Перстень остыл, потому что опасность исчезла. Вино в его братской чаше было чистым.

— Почему же ты не пьешь? — тихо спросил Кеварро. — Плохое?

Он продолжал улыбаться, а его кожа уже чуть побледнела. Дуан, вскочив с места, рванулся к нему.

Не будь стол прибит прямо к дощатому полу, он бы перевернулся. Кеварро безропотно позволил схватить себя за ворот и рывком поднять, даже не пошевелился. Пустая братская чаша опрокинулась от неосторожного движения. Там, в серебре, не осталось ни капли.

— Та’аш!

Пальцы, сжимавшие темную, шитую золотом ткань, предательски тряслись. Их сводило от неожиданного холода, пробравшегося с моря. У Дуана потемнело перед глазами, и это действительно мог бы быть яд, но не был. Проклятье, не был, проклятье, да, может, лучше бы был.

— Почему?!

Это все, что Дуан произнес. Точнее, Рыжая ударом под дых вбила из него слово, которое уже срывалось с губ Дарины, всего только вчера, и причиной которому был тот же человек.

— Он приказал мне сделать это сегодня, Ино, — прошелестело рядом. — Это… всегда были его решения. Но я не смог, хотя клялся, не мог, хотя Моуд накажет меня. Мне проще поступить так.
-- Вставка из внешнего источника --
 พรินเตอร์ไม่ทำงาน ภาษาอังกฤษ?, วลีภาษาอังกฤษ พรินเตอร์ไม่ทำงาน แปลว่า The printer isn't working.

Сопоставить все произносимые с паузами слова, увязать в цепь было почти невозможно, но одно стало Дуану ясно. Кеварро, поначалу сам державшийся на ногах, терял опору, как терял и способность дышать. Рукой советник попытался схватиться за стол, наткнулся на чашу; она откатилась дальше, а пальцы соскользнули. Кеварро падал. Дуан опустился вместе с ним на пол, плавно и осторожно, как только мог.

— Мой друг…

Желтые глаза тускнели; Дуан знал, что в конце они почернеют, как уголь, и потеряют блеск, он видел подобное. Дыхание становилось совсем тихим и хриплым, точно что-то, попавшее в горло и вставшее поперек, мешало. Это что-то разрасталось и в худой груди.
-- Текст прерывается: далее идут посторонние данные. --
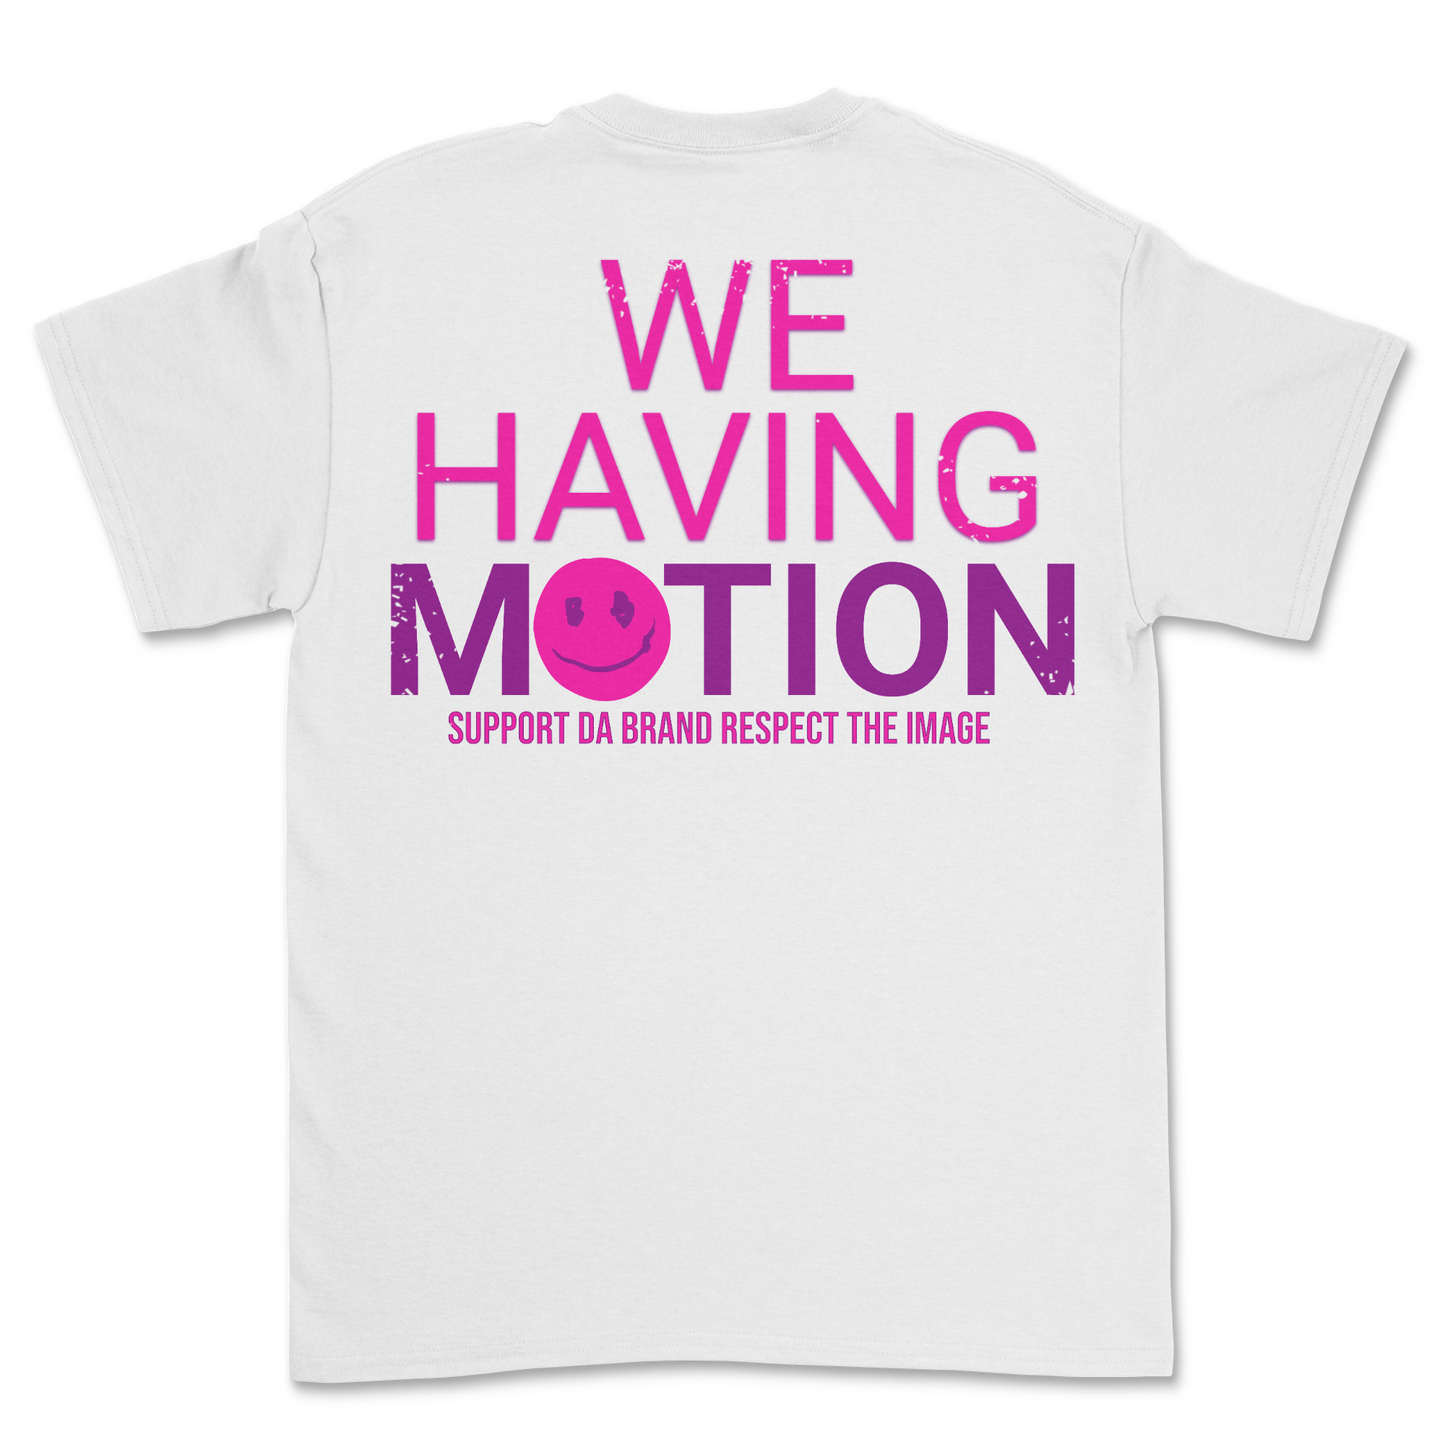 Having Motion Shirt

— Давно, еще в войну, когда я был ребенком, он вытащил меня из-под копыт лошади альраилльского солдата, спас мою жизнь. Как обычно у знатных людей, мы скрепили это ритуалом Моуд, смешали кровь в чашах весов. Я должен был отплатить, но он очень долго ничего не требовал, так долго, что я успел забыть. Лишь потом, когда попал ко двору Талла, я…

— Кто он? — Дуан наклонился ближе, с ужасом ощущая, как удивительно быстро остывает в его руках черное тело. — Кто?

Ответ был ему почти известен. И нуц произнес имя, а потом, совсем глухо, добавил:

— Прошу, поверь одной важной вещи. Твой отец умер сам, раньше… — Кеварро поднял руку и неосознанным движением оттянул воротник. — Чем я нашел бы в себе мужество…

— Я знаю. — Дуан провел по его волосам, убирая с глаз, еще горящих, но замутненных подступившими слезами боли. — Знаю, верю. Скажи мне, есть от твоей отравы…

Он догадывался, что яды, приготовленные для королей, не имеют антидотов. И все равно спрашивал, ловя себя на том, что в очередной раз пытается встряхнуть советника за плечи, возможно, делая ему больно. Кеварро покачал головой на оборванный вопрос и вдруг опять улыбнулся.

— Я рад. И знаешь, я уже подарил ей тот твой… трофей…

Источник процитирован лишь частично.